Thursday, May 2, 2013

A Little-Observed Day



I think I will declare a month of holidays, of holy days.  May Day, Cinco de Mayo—already in place.  But today I’m celebrating the Second of May, a little-observed day of meditation and feasting.  (I’ll feast on barbequed shrimp salad; pork loin roasted with garlic and bay leaves and shallot—like the Lady of Shallot.)  I celebrate the ascension of the flowers, the blessing of the wrens, the 122nd day of the Gregorian Calendar.

I’ll light some candles on this birthday of Italian architects and Dutch economists, of diplomats and water polo players, Empresses and Earls, the odd English historian and the inventor of the magic lantern.

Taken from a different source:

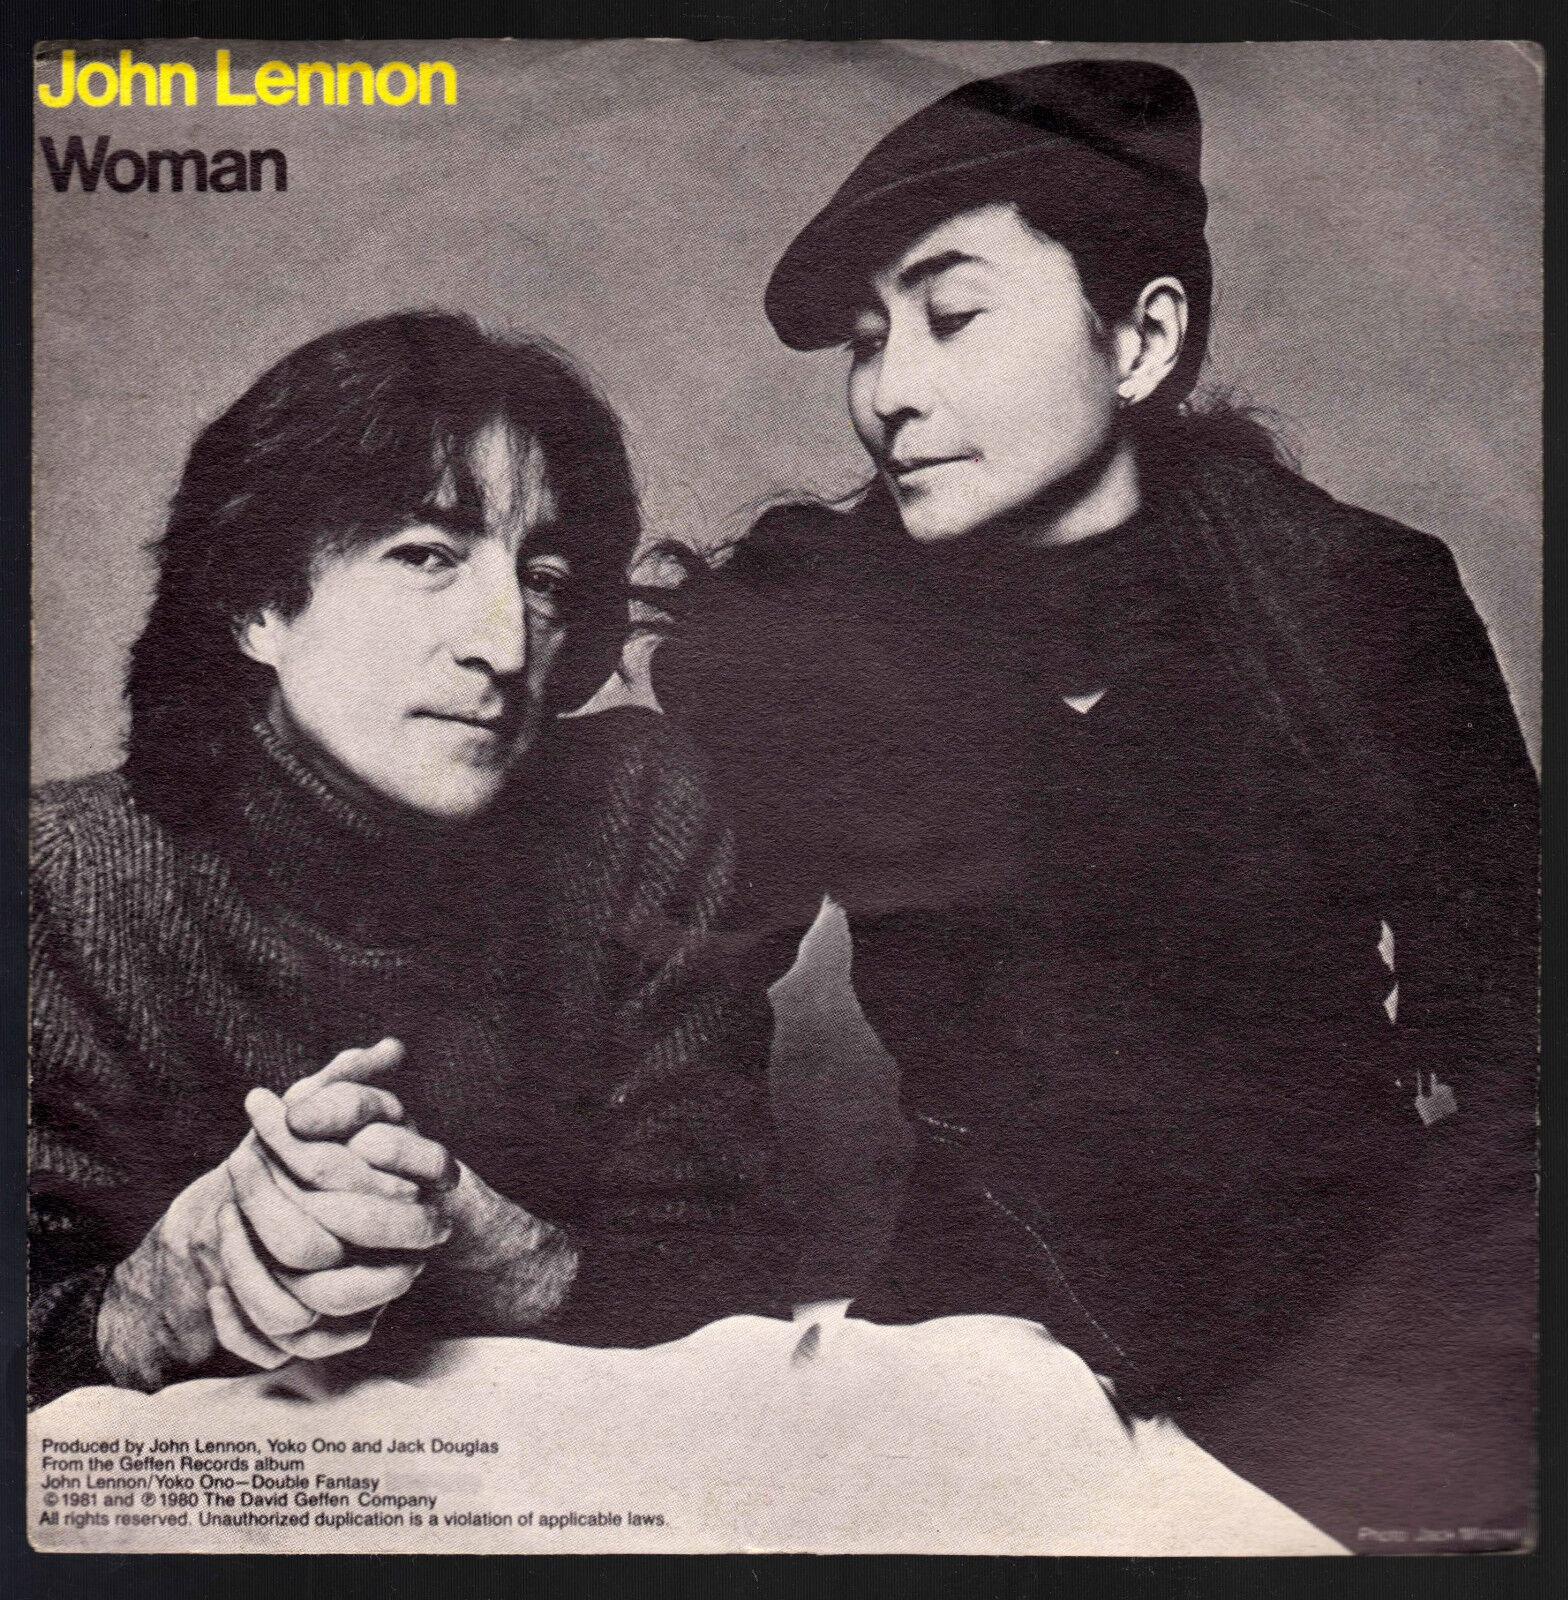 Woman (Foto: John Lennon)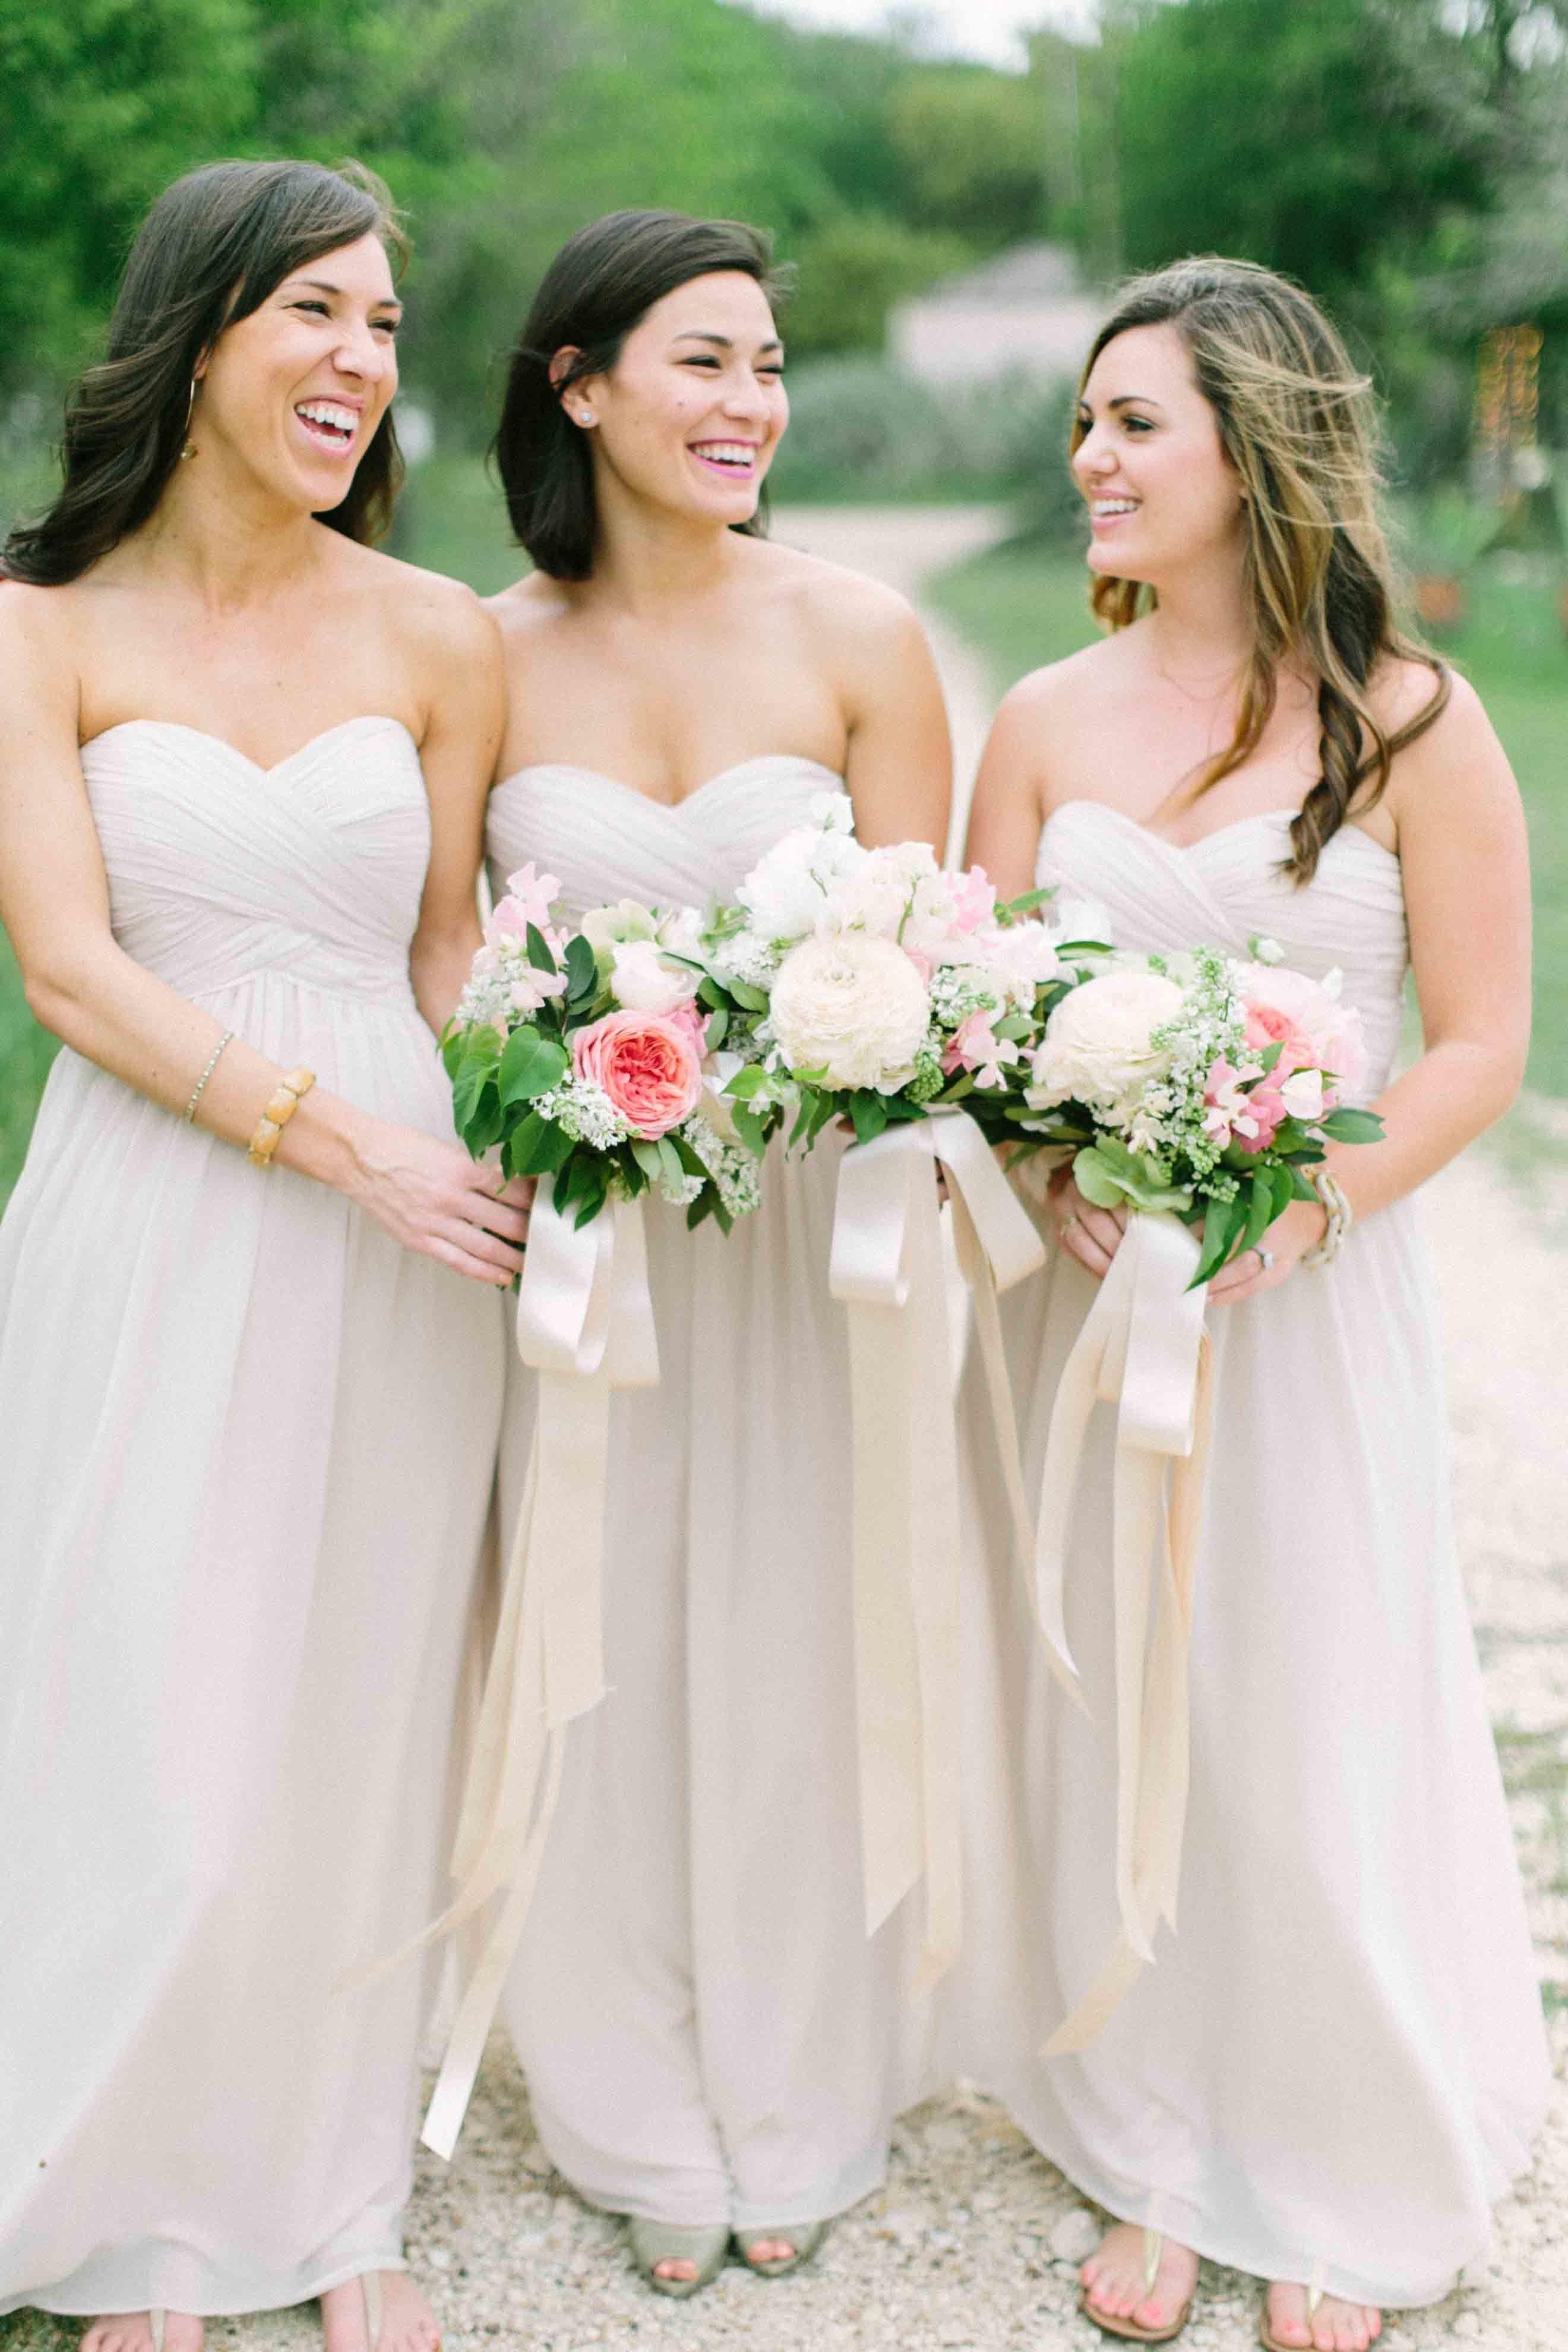 Jcrew wedding dress  Spring Garden Wedding full of Romance  w e d d i n g s

I’ll mark with a moment of silence Anne Boleyn’s imprisonment, and the escape (not to last long) of Mary, Queen of Scots.  The dear departed King James Bible, published today, the Second Day of May.  The first ascent of Shishapangma, the fourteenth highest mountain in the world.  The death of Leonardo da Vinci, he who painted those glorious angels with their wings aerodynamically correct.

Appropriate that today is the feast day of St. Athanasius of Alexandra, student of the Classics and perhaps the patron saint of those waiting for letters, who said (as I just did!) “Brethren, how fine a thing it is to move from festival to festival, from prayer to prayer, from holy day to holy day.”